Under the Large Oak Tree

Wow it’s been a while, anyway Catty and I decided to write another Collab! We hope you enjoy the story as it’s been a while. 

I ran through the forest of purple tinted roses and could feel the thorns scraping my legs. I stumbled for a moment, flaring my wings in some last ditch attempt to maintain my balance as small droplets of blood ran slowly down my legs. My muscles screamed in pain, echoed cries of hours of constant and harried movements. I looked back at the yellow brick house behind me, finally getting away from the overbearing control of those watching over me.

“Run, run little bird. You won’t find any sanctuary out there,” Sasha sneered, wrapping her arms around herself as she watched me run. I threw a glance over my shoulder, flinching away from her cold, cold eyes. “You’ll find that the world is far crueler than we have ever been.”

I smile, a false smile just something to hide the fact that she might be correct in her sayings. I continue running until I found the only tree, the large sap tree. Run straight for the tree, the note had read. Run straight for it and don’t hesitate. So I ran. A cool breeze passed over me and I blinked as the sunlight hit me, momentarily blinded. I tripped over the large roots used to sit on as a young one. I fell and saw a large, dark oak door set nearby.

“Well, well little bird, you found your way down the rabbit hole after all.” Sasha said, her hair slightly mussed and dirt staining patches onto her normally spotless jacket. “I didn’t have the benefit of a neat little passageway you did but,” she paused, spreading her hands and turning her face towards the sun with a self-satisfied smirk. “Here we are, little bird. Here we are.”

“Where am I?” I asked, curious of why there was even a passageway.

“You passed the test, little bird,” Sandra said with a smile. “I knew you could do it.”

“Test? What test? You’ve been testing me this whole time? Are you going to take me somewhere?” I asked.  

“Anyplace we would take you, you’re already here.” Sasha waved her hand the air around them blurred for a moment, settling into a bustling city-scape. “Anywhere you could possibly want to go right here. So where do you want to go, Little Bird? Anywhere where in the world.”

“Home,” she whispered, as she looked down. The world blurred around her as she kneeled to the ground. “I want to go home.” The world shattered after that, a thousand broken fragments cutting like glass and she heard an awful shrieking that she realized moments later were emerging from her already ragged throat.

Sandra smiled a twisted smile “Wrong answer, Little Bird, wrong answer.” Sandra walked out of the rabbit hole, leaving the girl behind.

He looked through the glass, resting his hand on its cold surface for a brief moment, his breath leaving foggy marks, marring his view before he turned away with a quiet sigh.

“How much longer?” he asked, glaring at the doctor. “How many more treatments, how many more drugs?”

“Sir, we are doing everything we can,” the doctor said in his wheedling, calm voice that he reserved only for difficult patients and distraught family members. “Treatment takes a while to balance correctly and I assure you that we are doing everything we-”

“Look at her!” he roared, cutting the doctor off. “Look at her. She’s not getting any better and you can’t get her to do anything else but curl up in a ball and cry.”

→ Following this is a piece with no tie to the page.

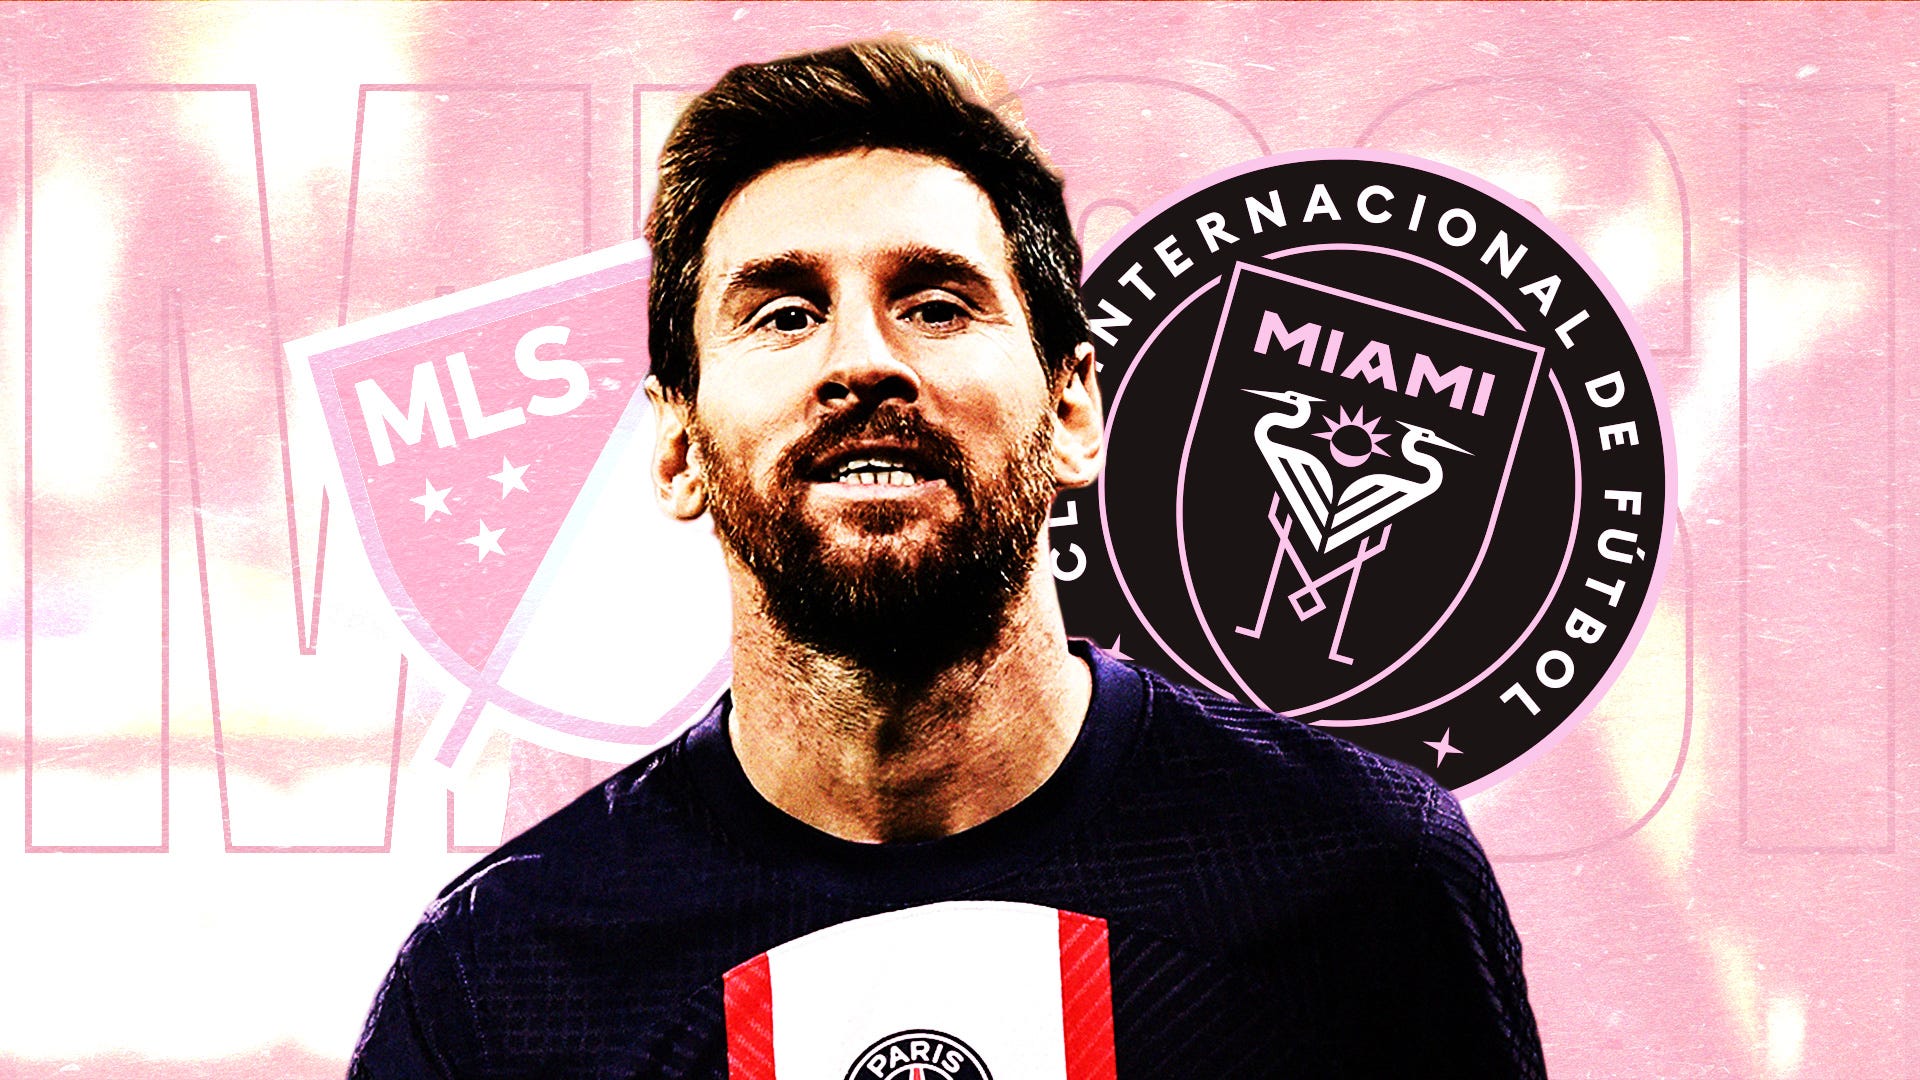 Messi "deshoja la margarita" sobre su futuro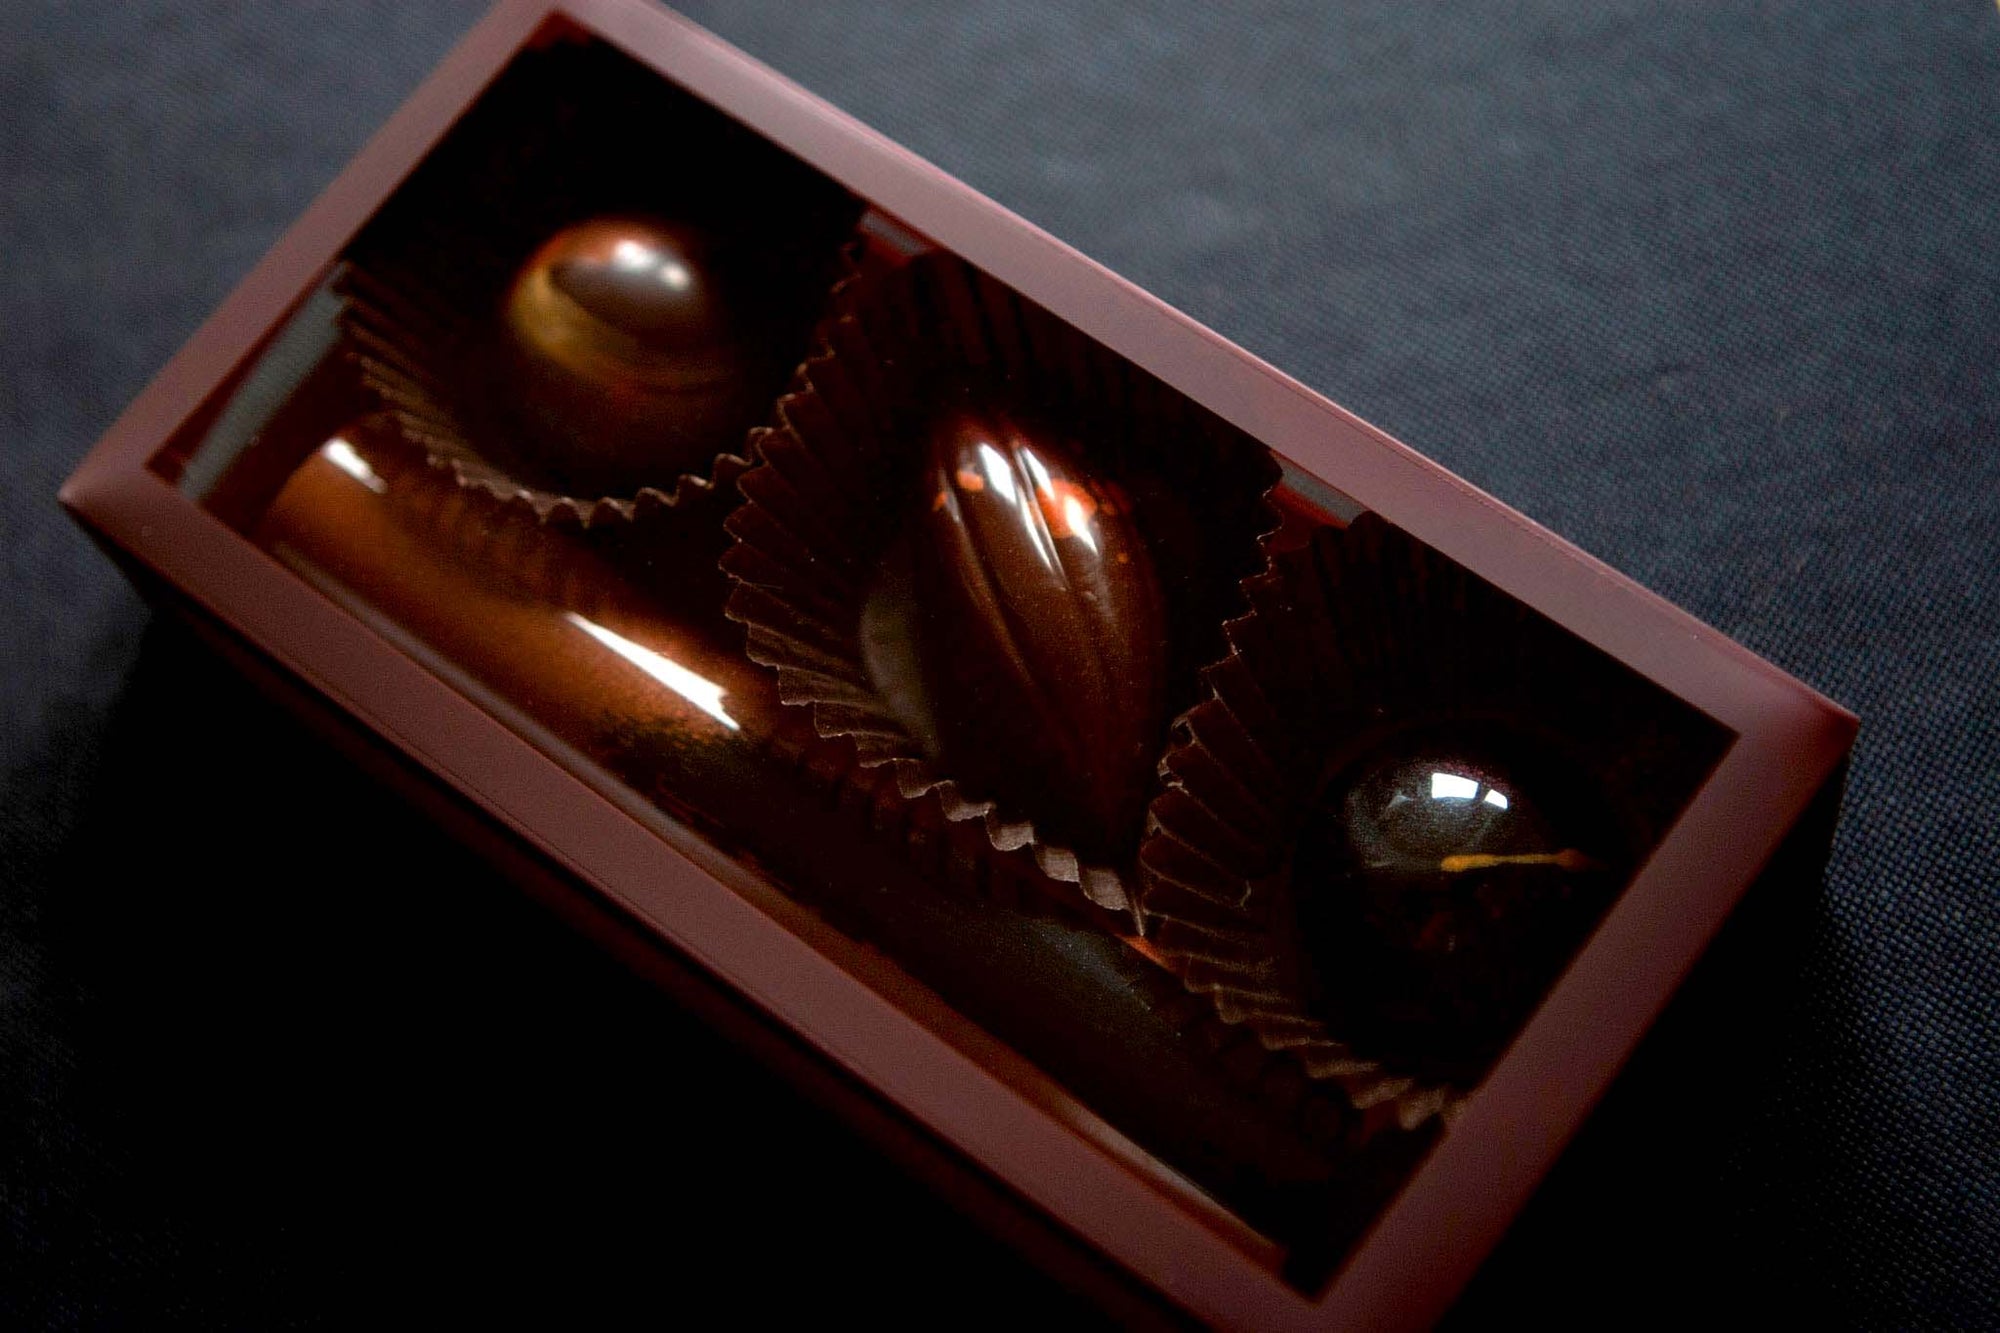 PRE-ORDER: Japanese Artisan Chocolates

“Sir, I assure you-” he slammed a hand down on the nearby desk.

“You are doing nothing,” he hissed before stalking away.

“We are doing everything we can!” The doctor exclaimed, his face turning a dark red.

You aren’t doing enough!” he retorted, leaving the room in a rage.

He paced back and forth outside of Jade’s room “They say they’re doing everything they can, so why isn’t anything working!”

Her screaming echoed around the room and followed him all the way out the door. He shuddered as he stepped into the sunlight, the sun somehow feeling cold and foreign to him. Nothing I can do, he said to himself. Nothing I can do.

The shadows oozed behind the door, watching his hasty retreat to his car, satisfied.